▸ **Description of the task**
No pictures, please: print exactly the lines from the one that contains "spiritual energy healing" through the last line of the listing.

▸ **Input data**
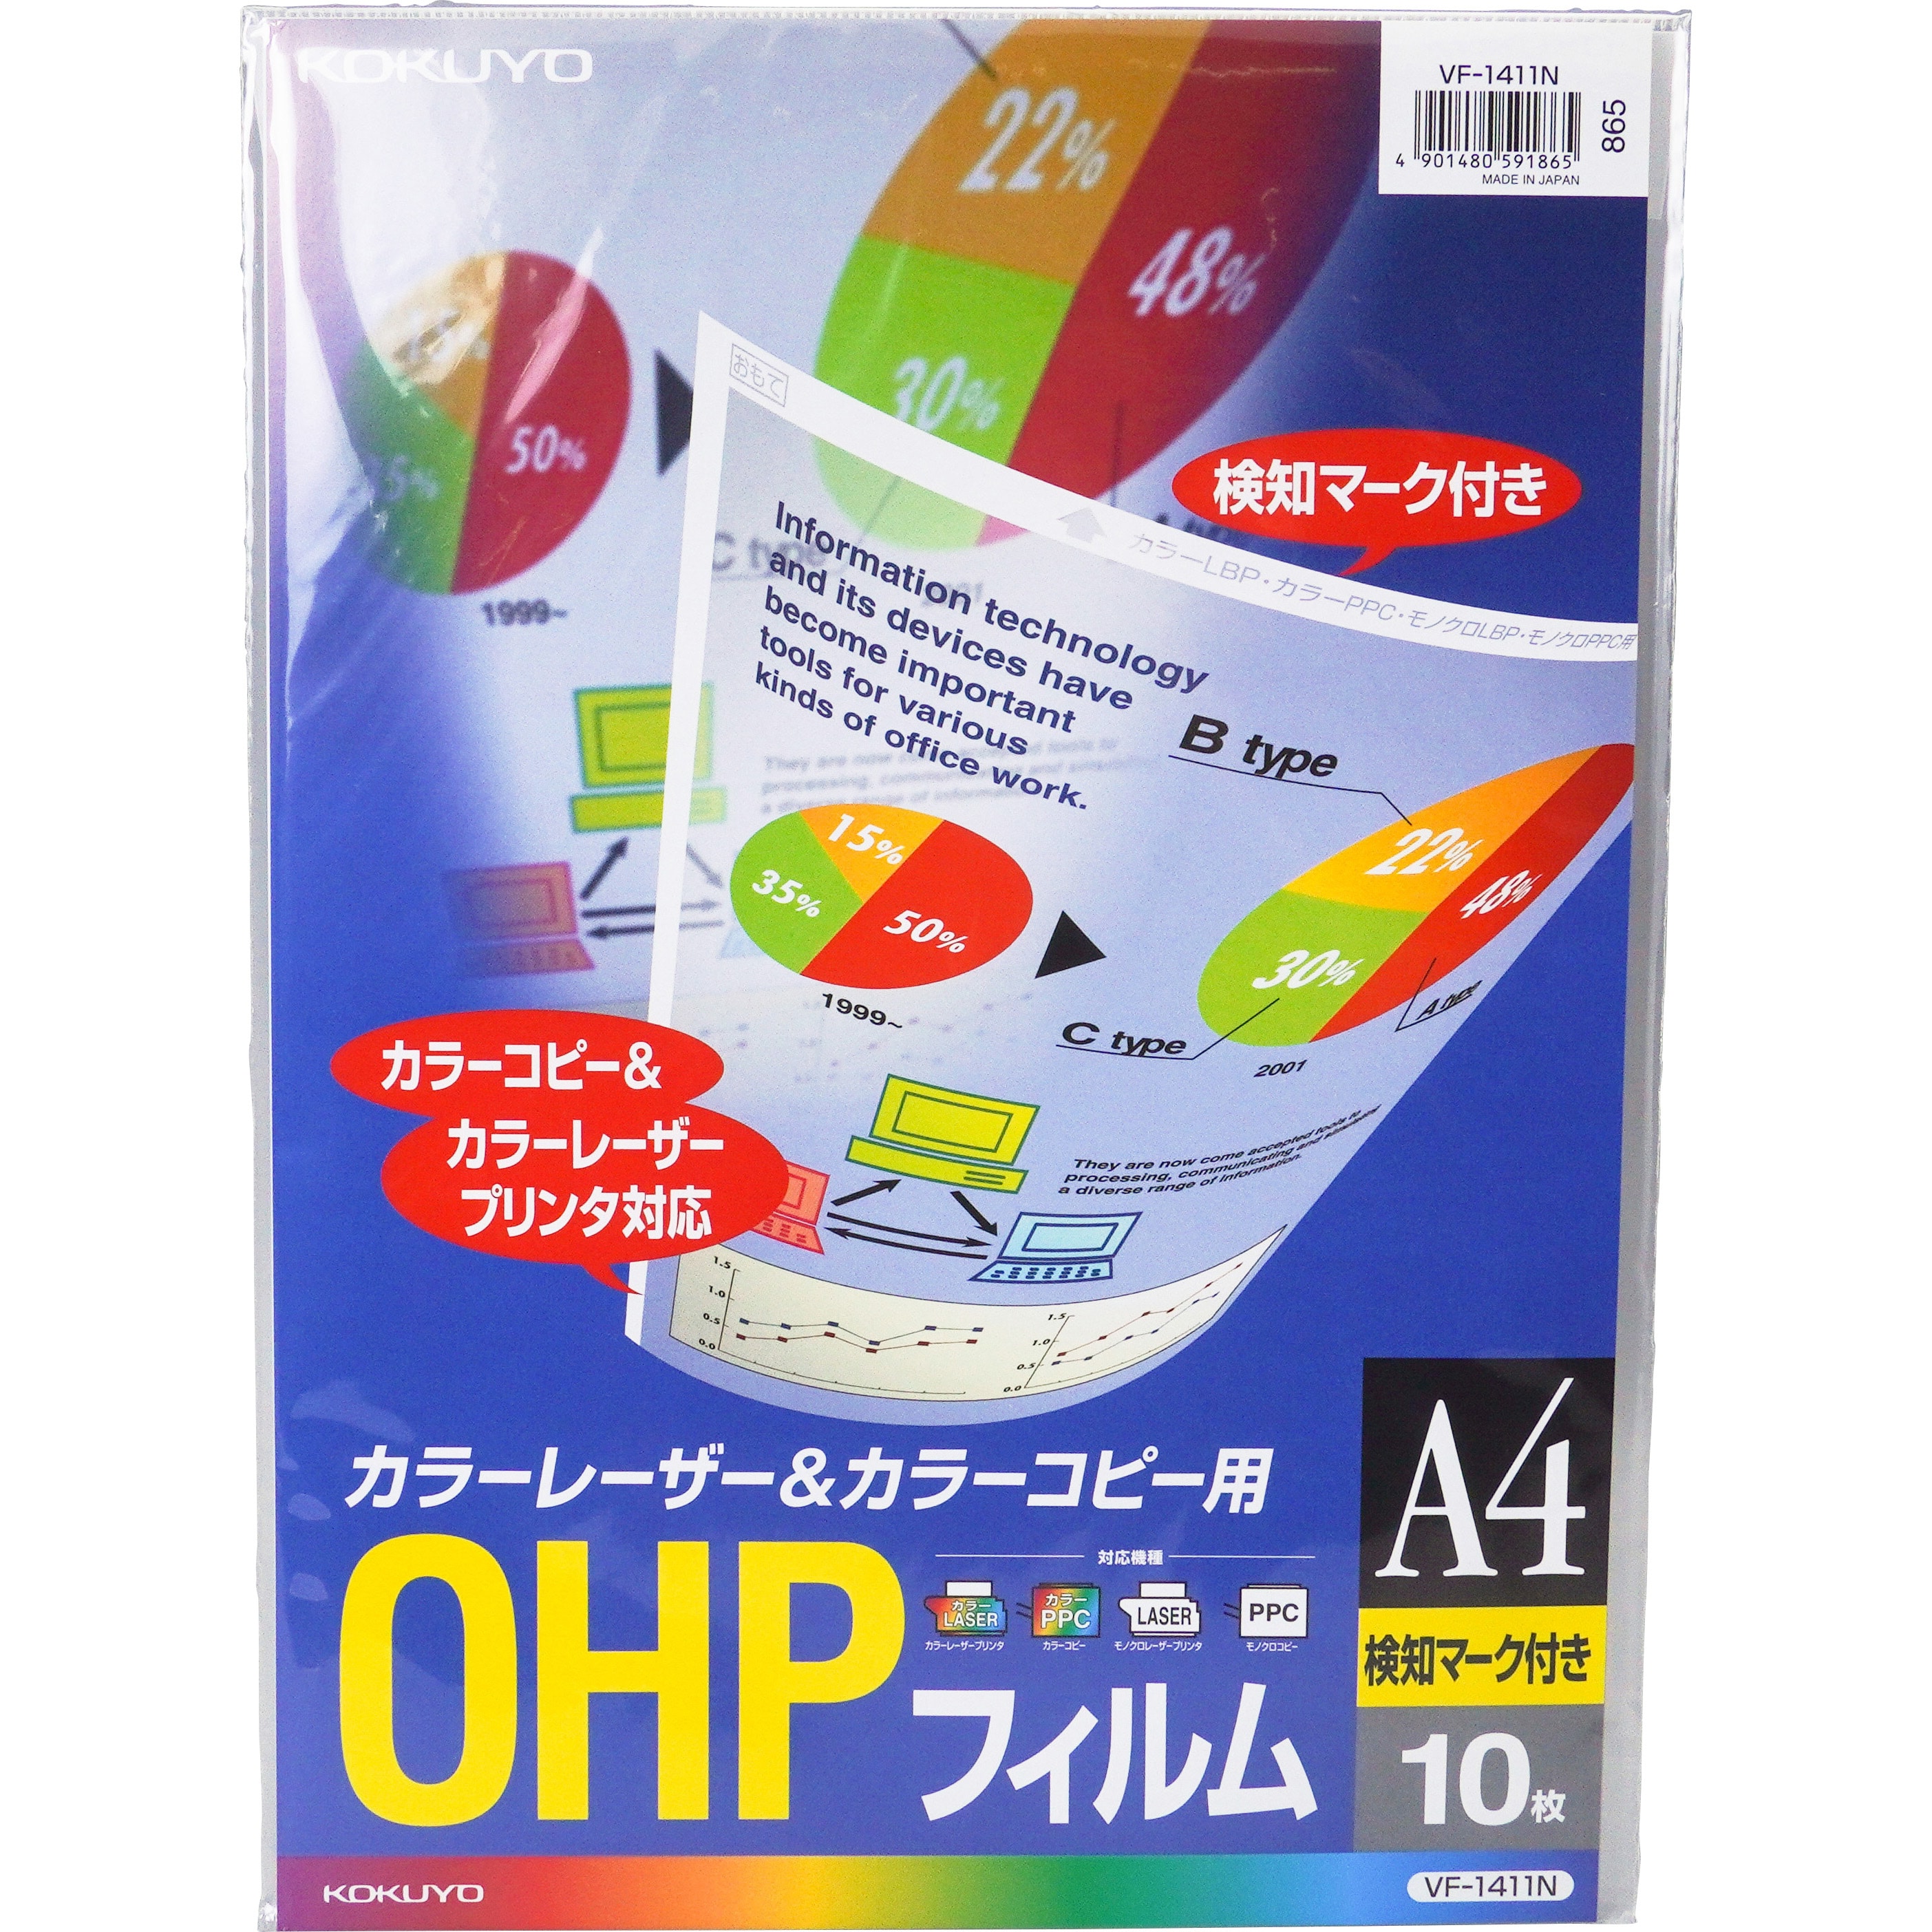 コクヨ OHPフィルム インクジェットプリンタ用 A4 10枚 VF-1101N まとめ買い3冊セット - 2
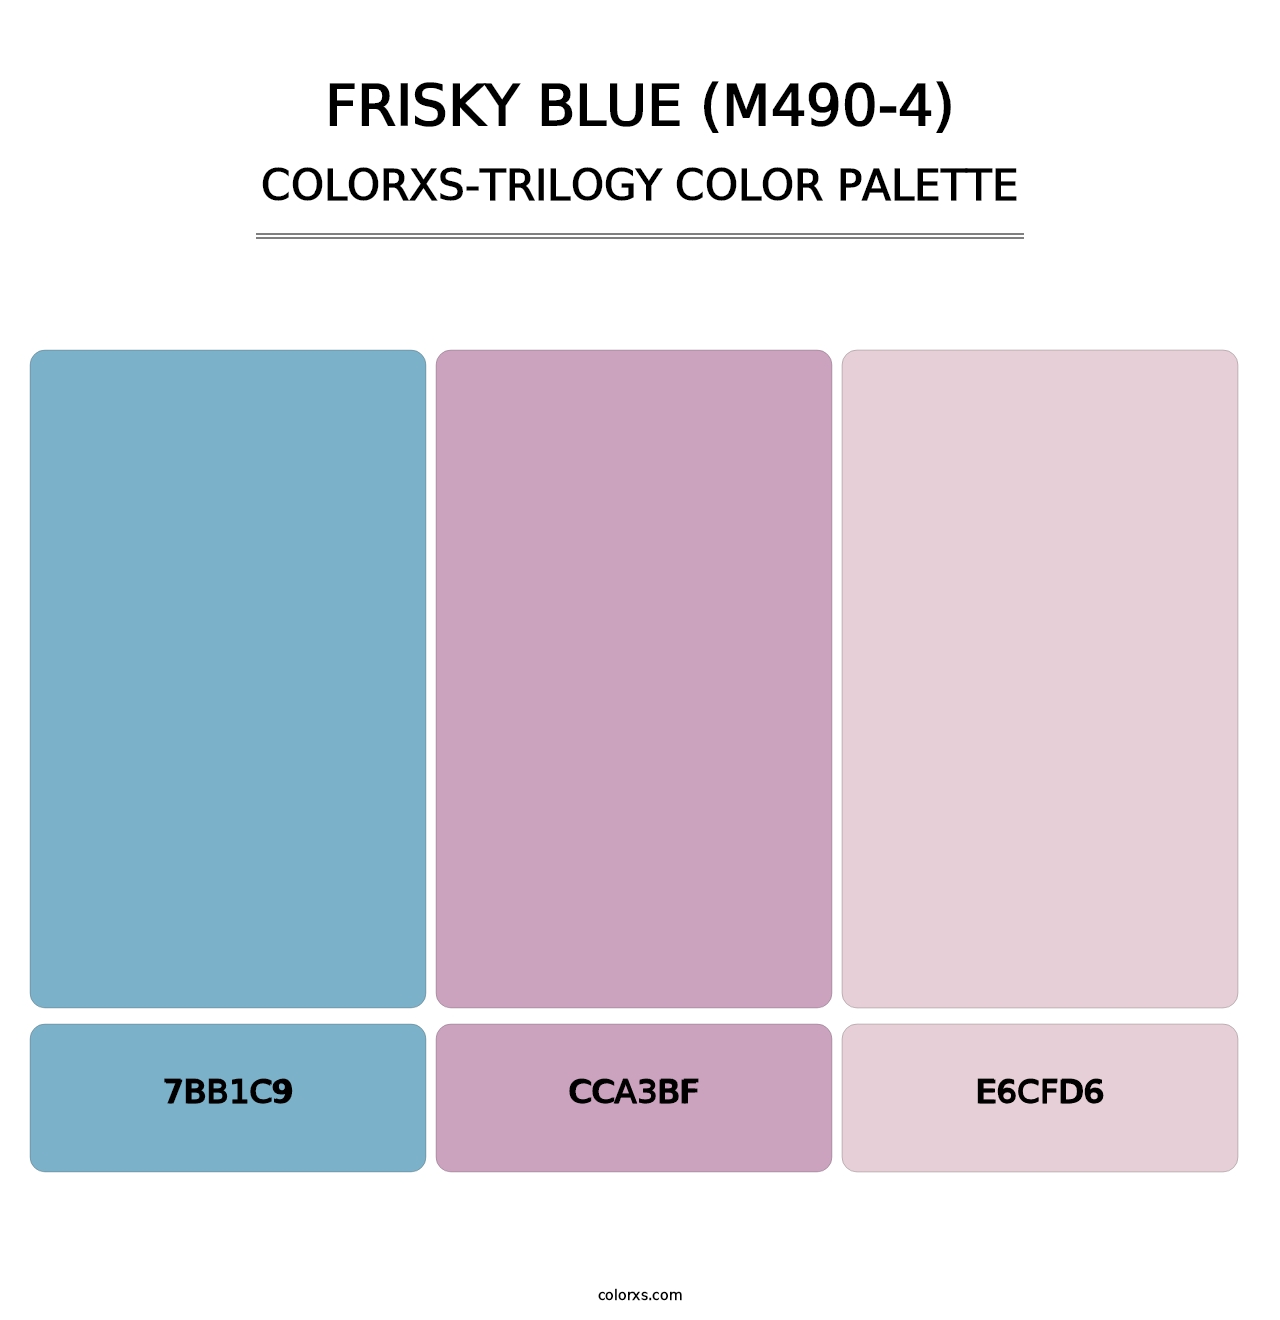 Frisky Blue (M490-4) - Colorxs Trilogy Palette
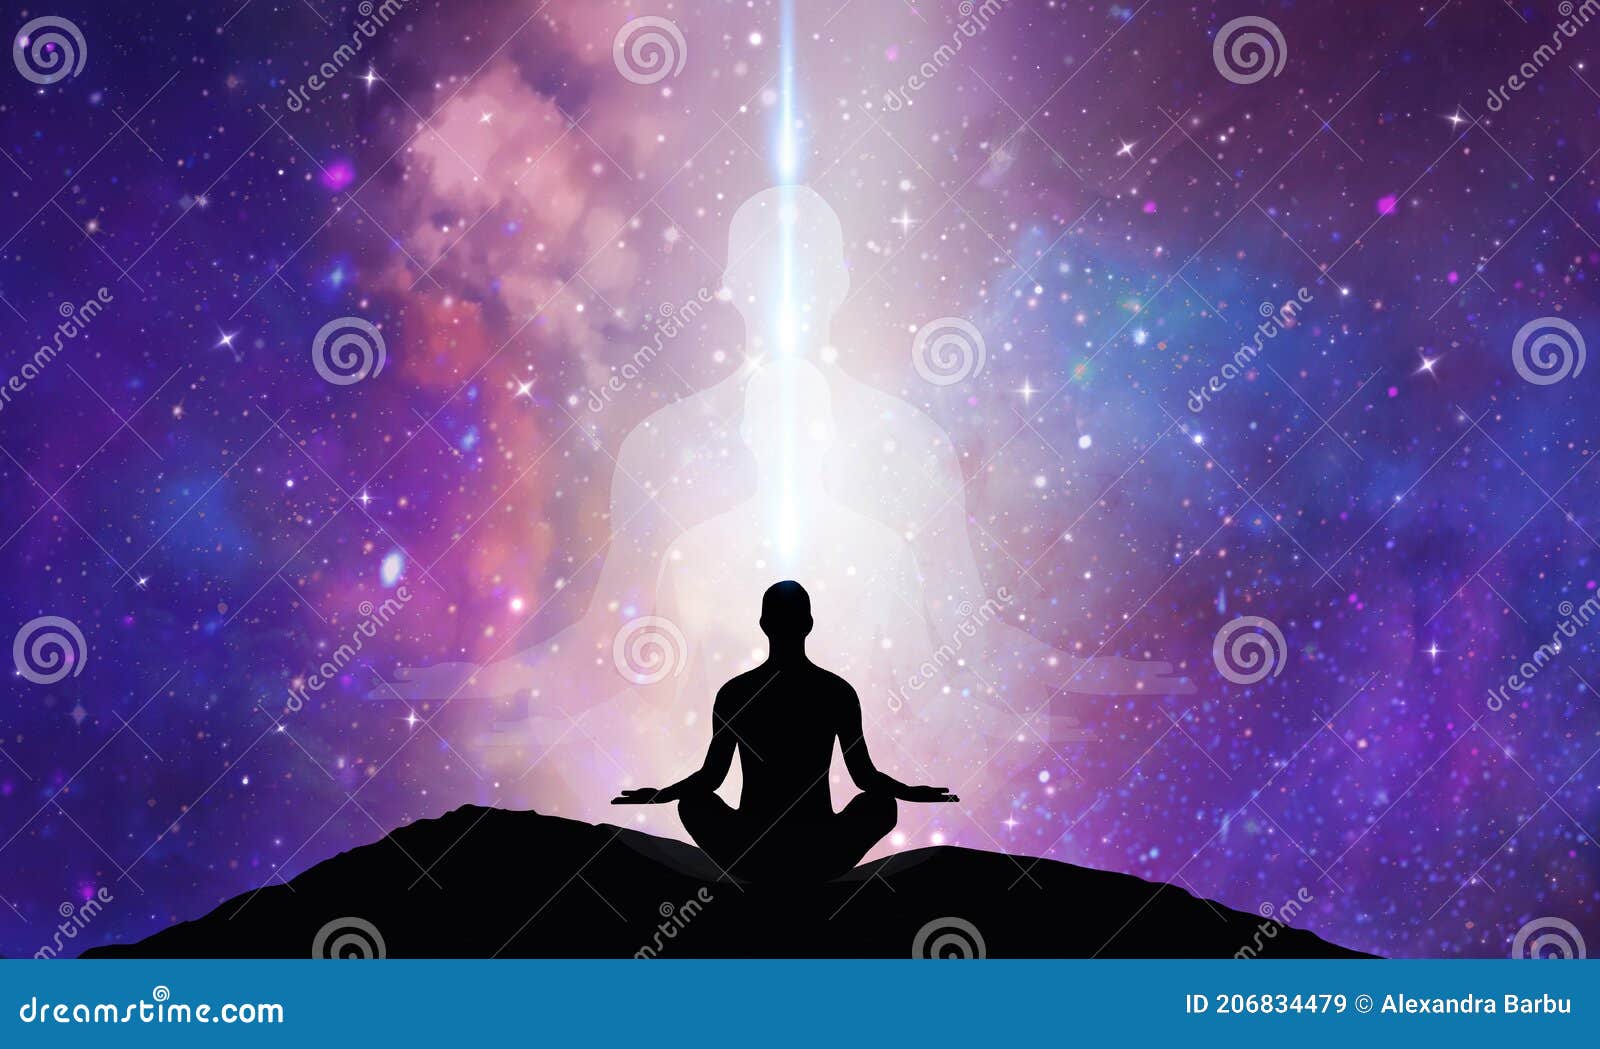 spiritual energy healing power, conscience awakening, meditation, expansion
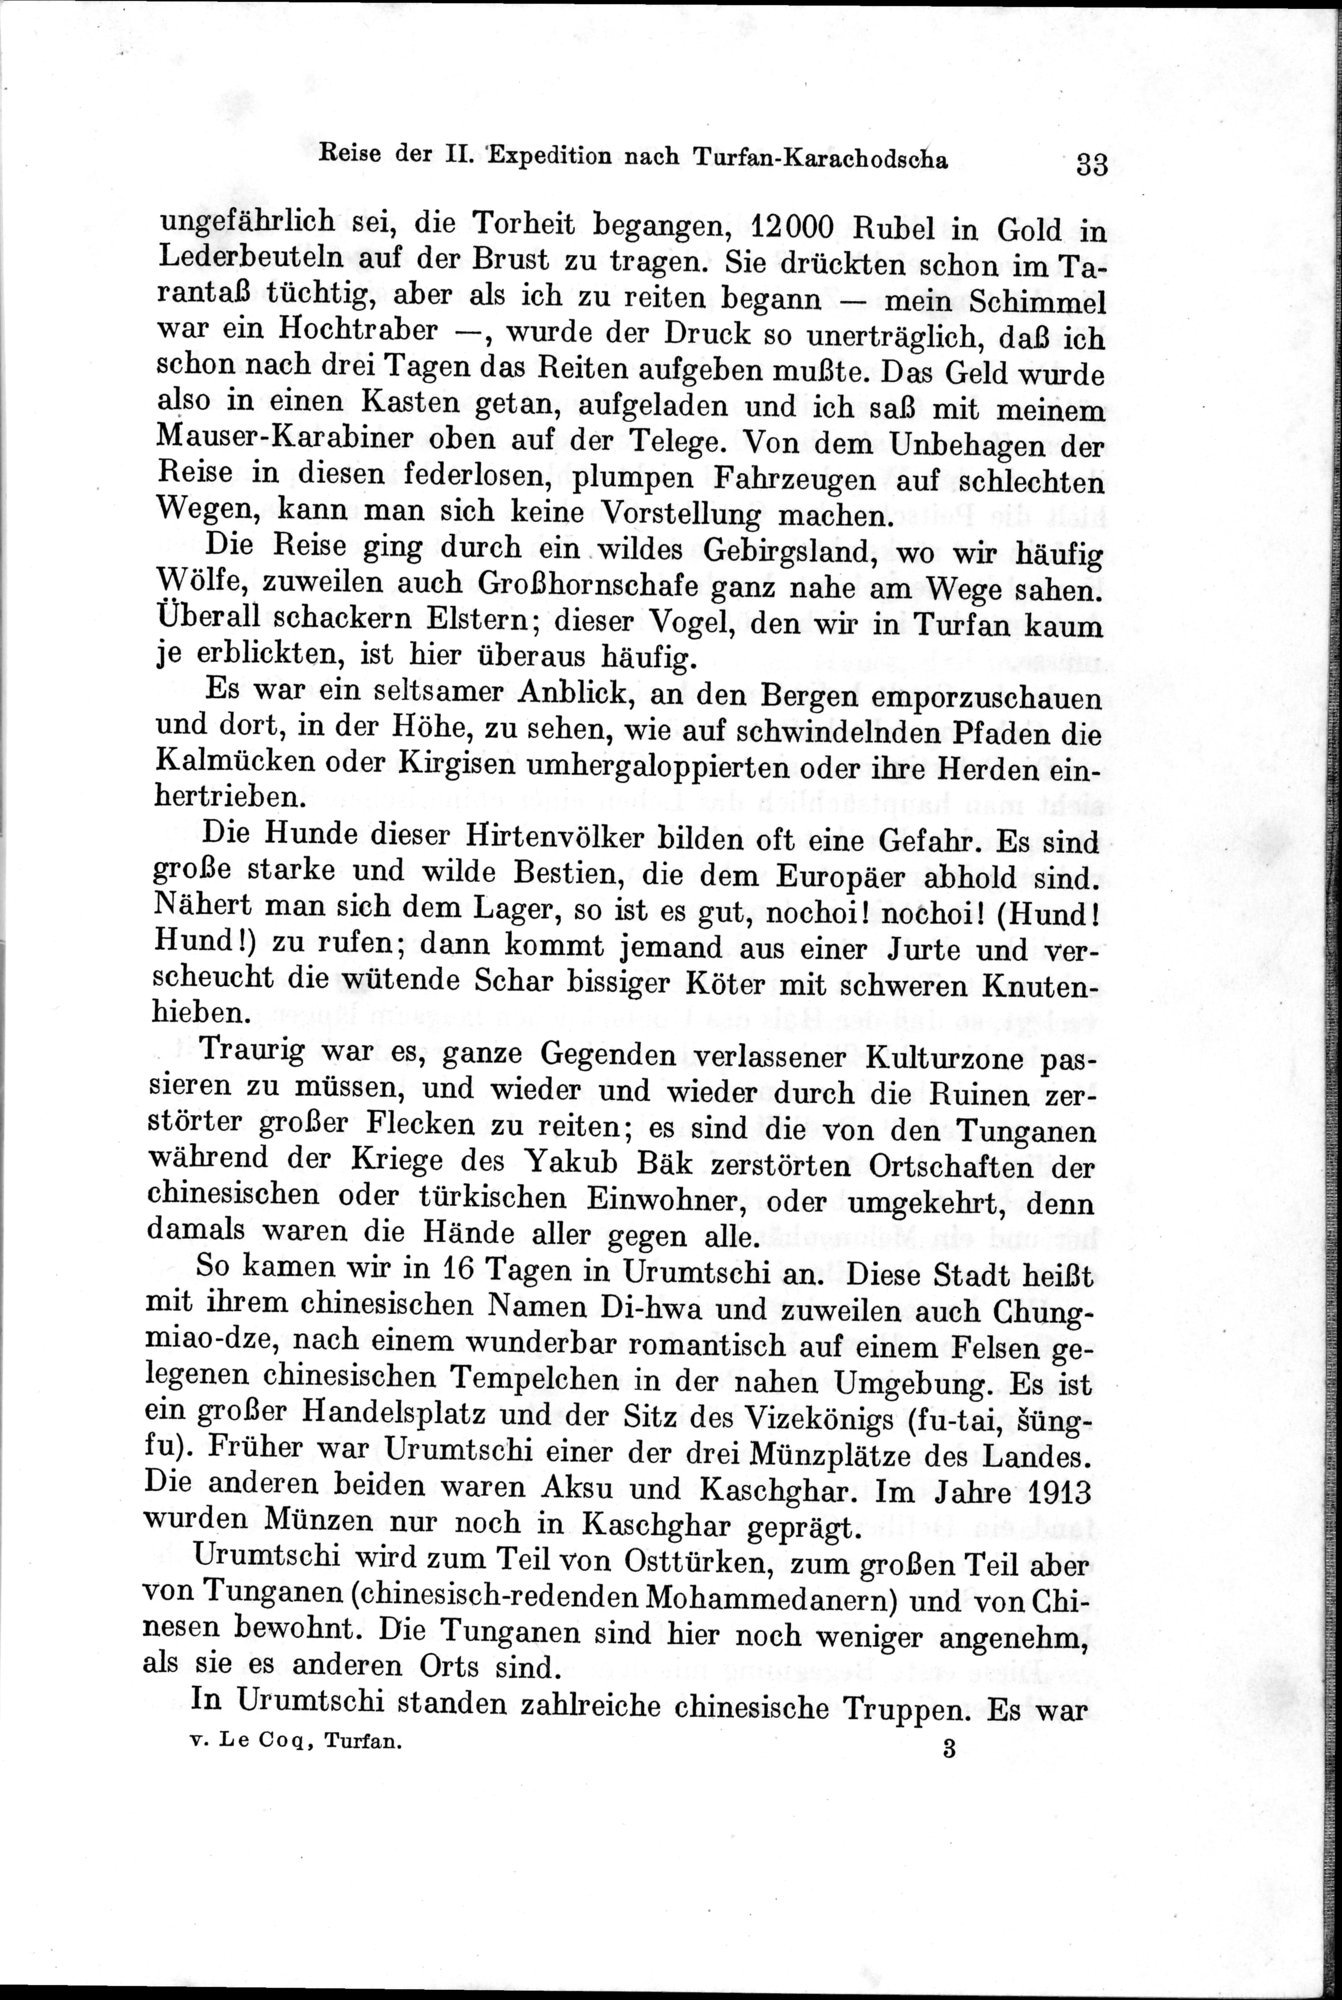 Auf Hellas Spuren in Ostturkistan : vol.1 / Page 55 (Grayscale High Resolution Image)

▸ **Answer for the task**
 spiritual energy healing power, conscience awakening, meditation, expansion
 Auf Hellas Spuren in Ostturkistan : vol.1 / Page 55 (Grayscale High Resolution Image)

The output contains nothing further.